With earrings in hand, Jacque and I continued down the cobblestone street, passing a coffee shop she recognized, Y Tu Pina Tambien. (“And Your Pineapple, Too” – catchy name, no?) This is not to be confused with the movie “Y Tu Mama Tambien” :
“They’ve got great smoothies here, Mom (hence, the “Pina,” I suppose) and a little sitting area that’s nice.”
No “Y Tu Pina Tambien” for us this visit, however. We weren’t yet hungry so we continued our exploring. Not far down the road we entered the archway entrance to a church courtyard where an outdoor market was in full-swing.
We bypassed the vendors and headed toward the church, a nondescript-appearing Templo de San Francisco El Grande, although my first impression was that “El Grande” was a “grande” misnomer. Take a look:
But this turned out to be merely the side entrance to Iglesia San Francisco El Grande and (we found out much later) is not only one of the foremost churches in Antigua but is indeed “grande.”
Facade of Iglesia de San Francisco El Grande, Antigua, Guatemala. Photo by Roberto Urrea, via Flickr, Creative Commons Licensing. With appreciation.
The Spanish colonial church architecture is actually quite ornate with Solomonic columns and fourteen statues set into vaulted niches within the facade. And, the interior (although we were not allowed to take photos inside) was beautiful and a spirit of reverence and devotion filled the sanctuary. Women with covered heads prayed and lit candles. There were large and colorful oil paintings decorating the walls. Jacque said, “I loved that there was a separate place for prayer. It was a very welcoming atmosphere. I love that the prayer ceremonies and the lighting of candles were happening on the left side of the room. It wasn’t the kind of church where you have to sit up straight or look a certain way. It was warm and inviting.”

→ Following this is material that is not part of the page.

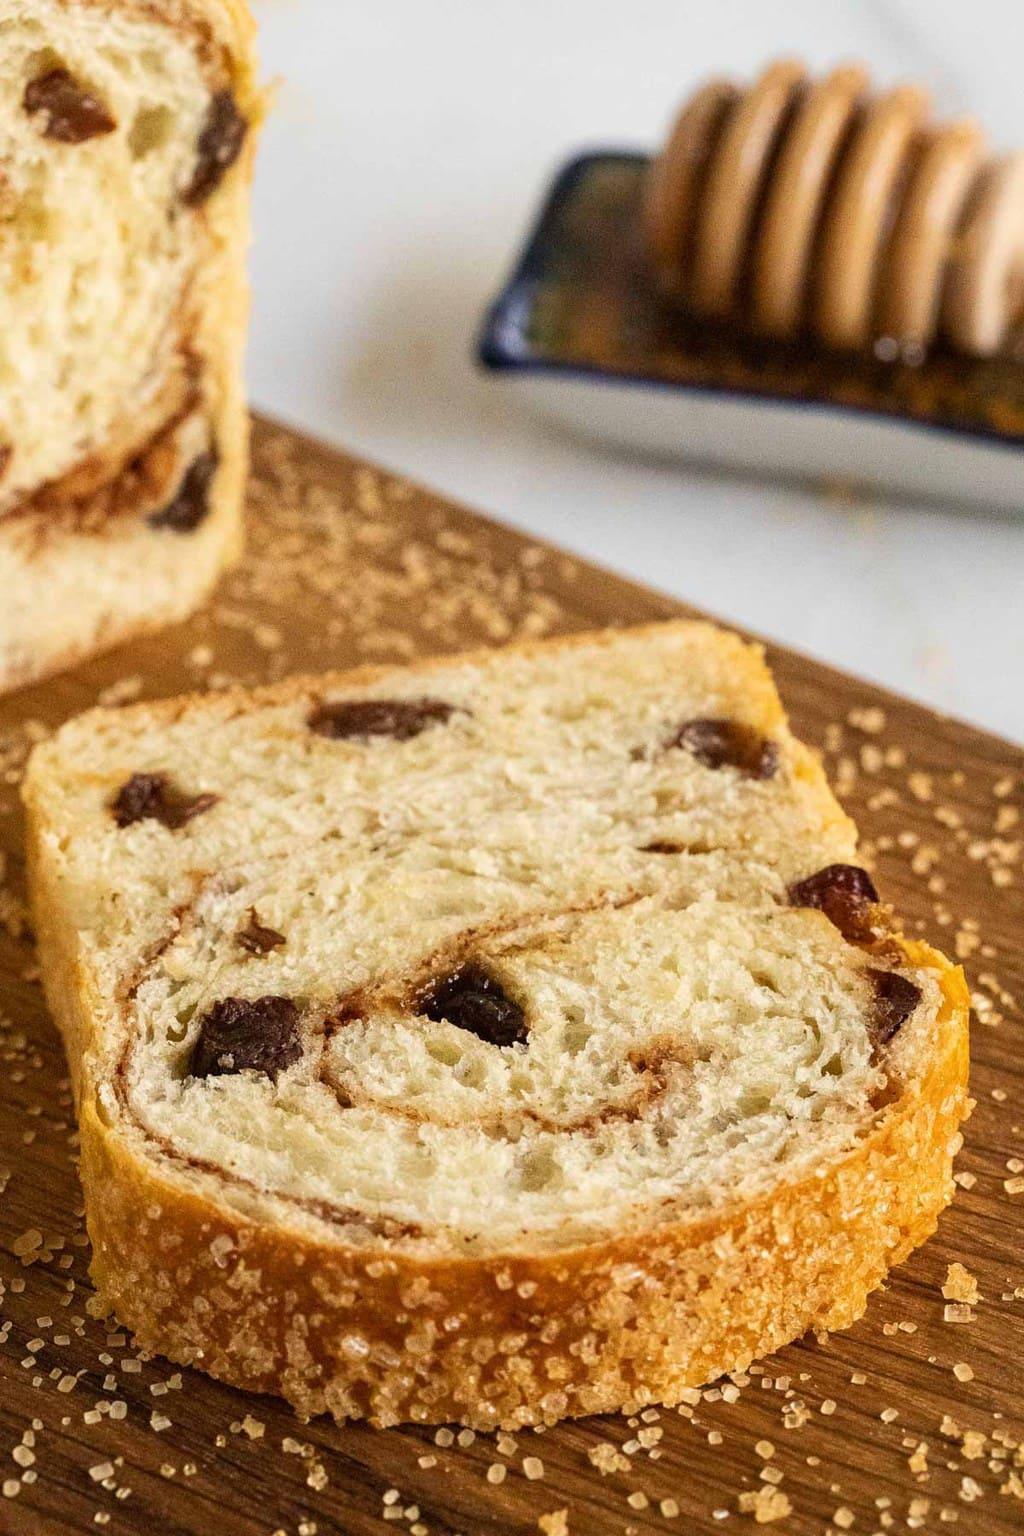 Vertical picture of a slice of Cinnamon Raisin Brioche Bread on a wooden cutting board

We spent about an hour inside. We never saw the grand facade (although Jacque had seen it on one of her previous visits) or realized there were fantastic ruins right there on the grounds. We left the church by way of the same simple doorway through which we had come.
There is a case, here, I suppose, for paying heed to a guidebook. Had we done so, we would have had a better sense of the history and significance of this grand church. But, I think a case can also be made for not following a specific plan and not being influenced by the opinions and recommendations of guides or guidebooks. Because we just happened on the Church of San Francisco El Grande by way of a side entrance, for us the church was not the cathedral that housed a saint’s tomb, nor was it the site of the epic Semana Santa ceremony whose procession starts right outside the front of the church every Easter Season. Our perception was not influenced by notions of the undeniable prestige and eminence of this holy place. It was more personal for us. It was sacred, yes, but it was also a place in which we just felt comfortable and welcomed; it was simply a place to rest, to pray, to be still, to light a candle. By not knowing about its rich legacy, it became ours and was distilled down to the essence of what a church should be after all.
After leaving the sanctuary, we bought some small candles from a vendor outside and visited the small church gift shop where I bought a rosary for a dear friend. Then we continued on our way; not wowed by grandeur, but with spirits quieted and refreshed.